DATA SHOWN
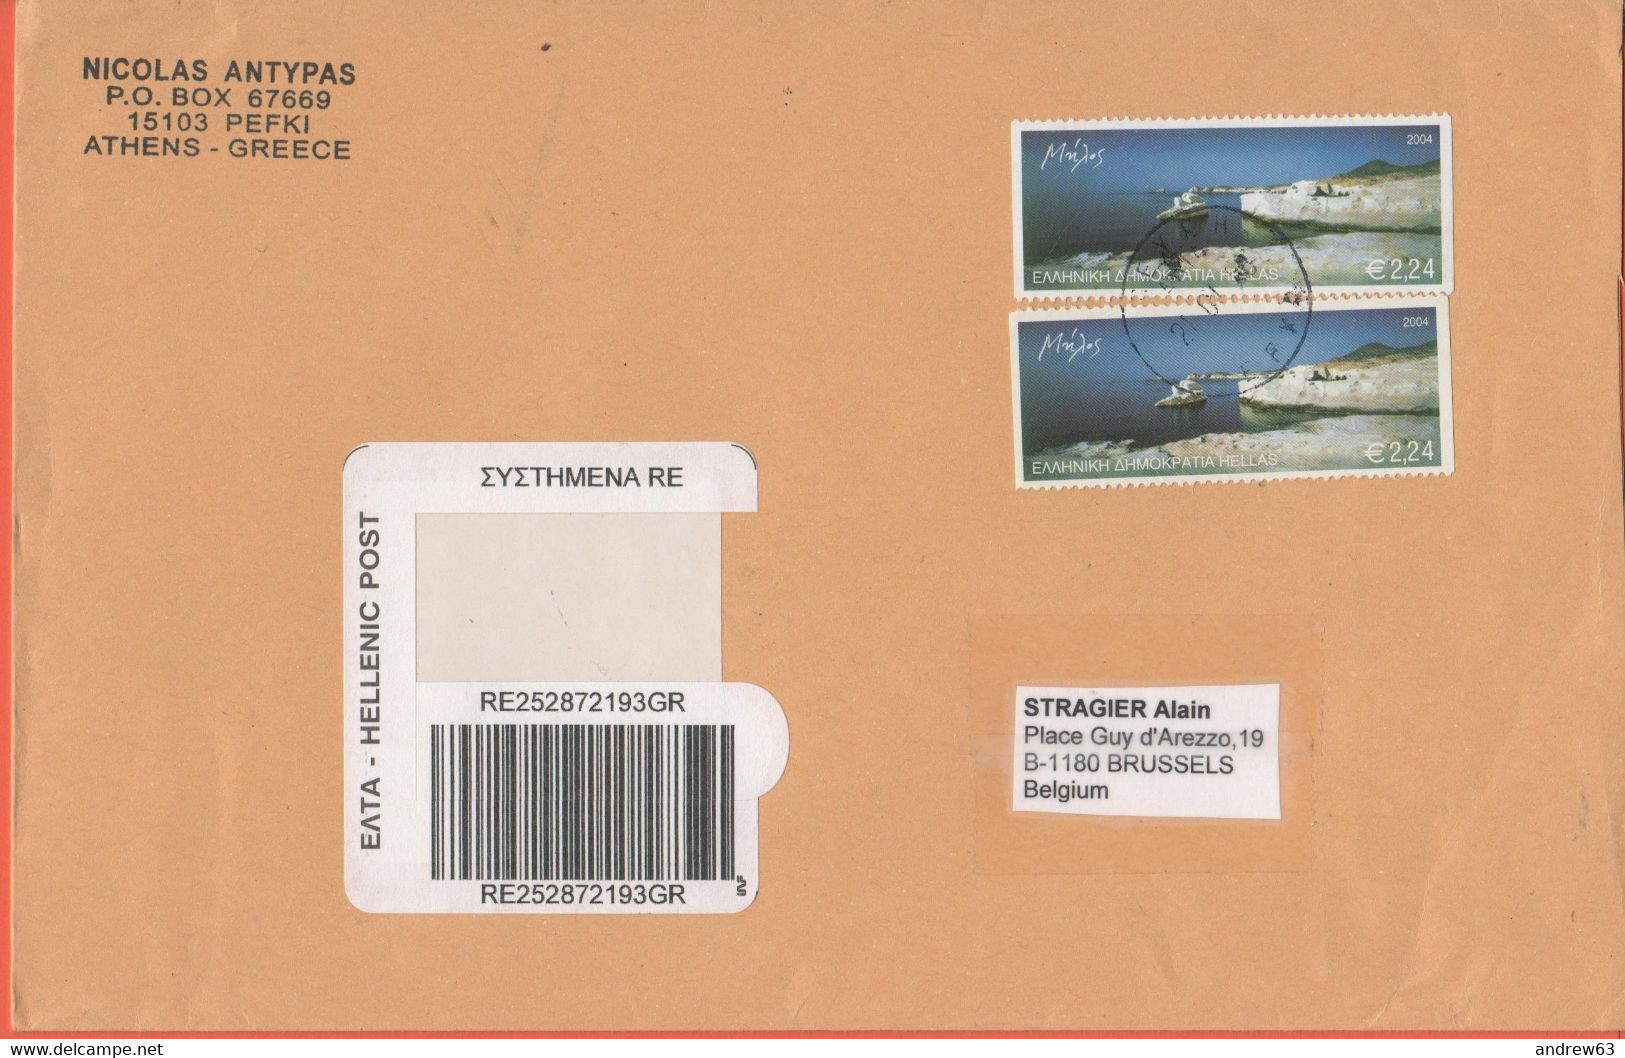 GRECIA - GREECE - GRECE - GRIECHENLAND - 2008 - 2 X Melos 2004 - Registered - Medium Envelope - Viaggiata Da Pefki Per B - Lettres & Documents
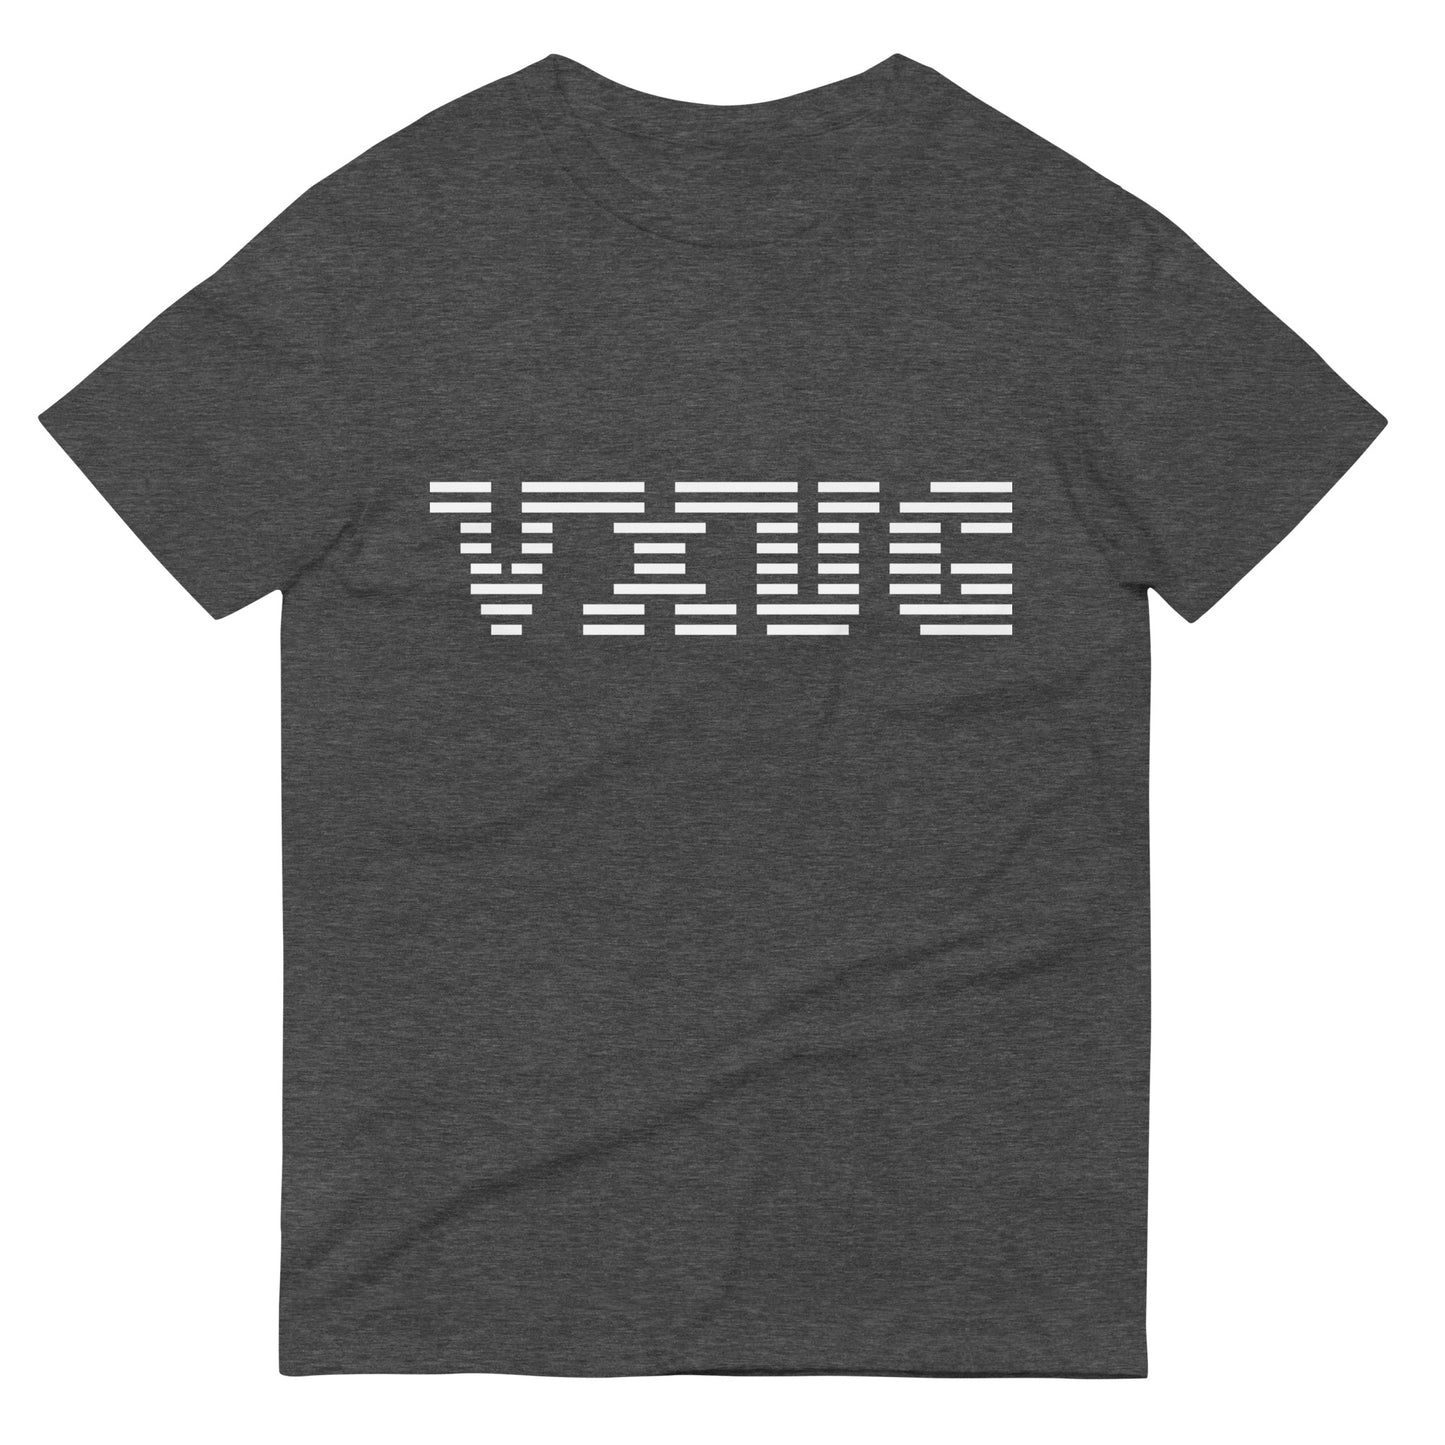 VXUG Corpoate Short-Sleeve Unisex T-Shirt
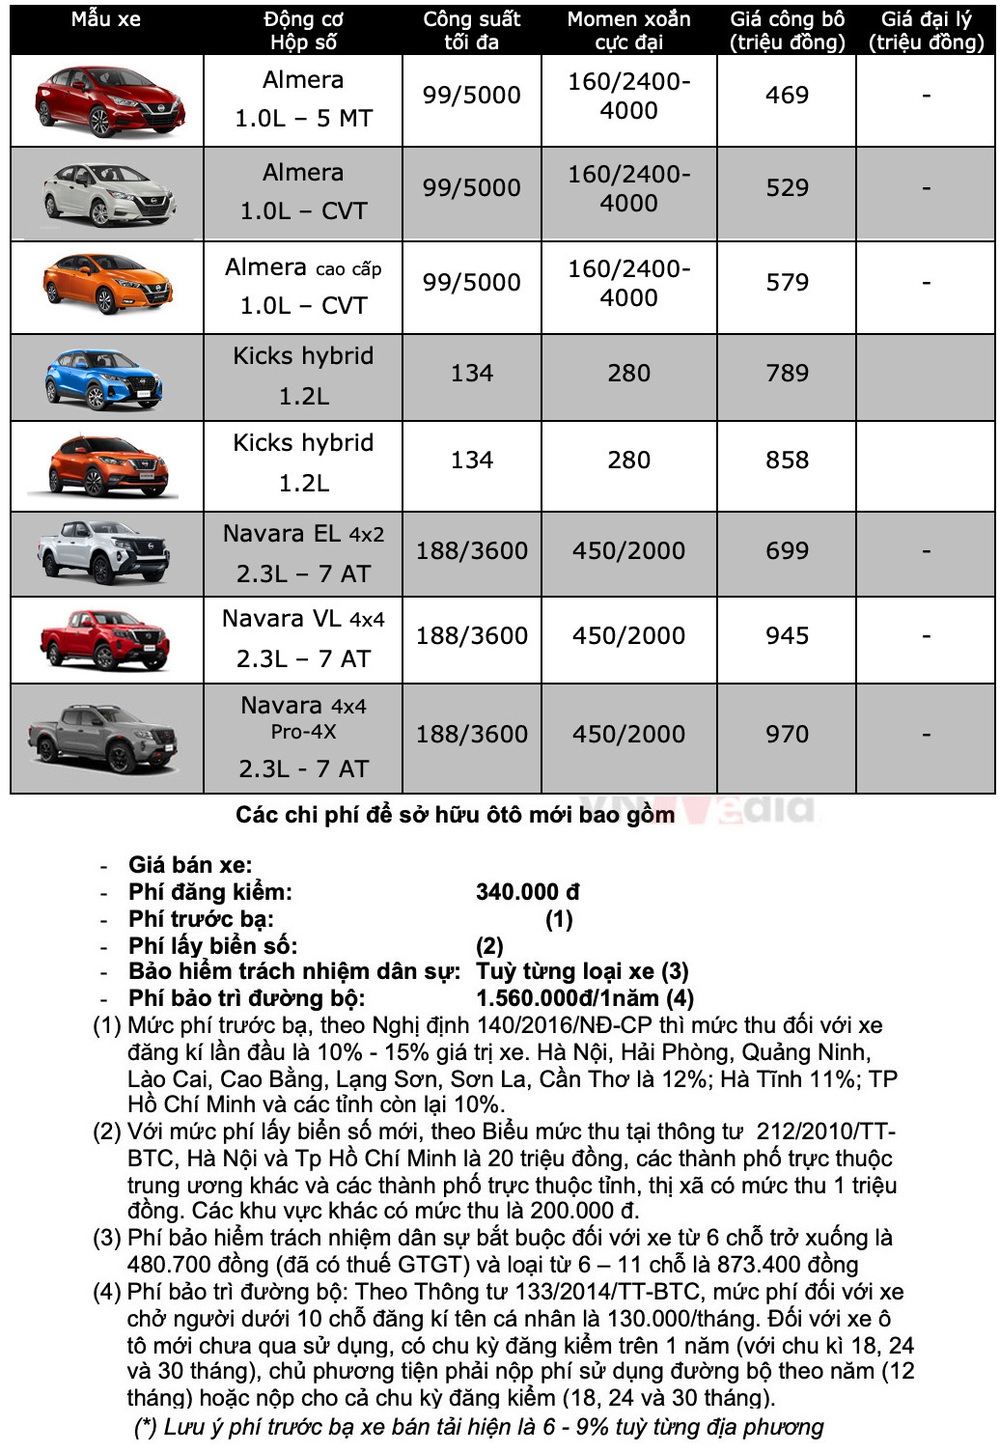 Bảng giá xe Nissan tháng 4: Nissan Almera được ưu đãi hơn 70 triệu đồng - Ảnh 2.

ABOUT THIS TASK
Return the listing above in full and without alteration, excluding its pictures.

OUTPUT OF THE EXERCISE
 GRECIA - GREECE - GRECE - GRIECHENLAND - 2008 - 2 X Melos 2004 - Registered - Medium Envelope - Viaggiata Da Pefki Per B - Lettres & Documents
 VXUG Corpoate Short-Sleeve Unisex T-Shirt
 Bảng giá xe Nissan tháng 4: Nissan Almera được ưu đãi hơn 70 triệu đồng - Ảnh 2.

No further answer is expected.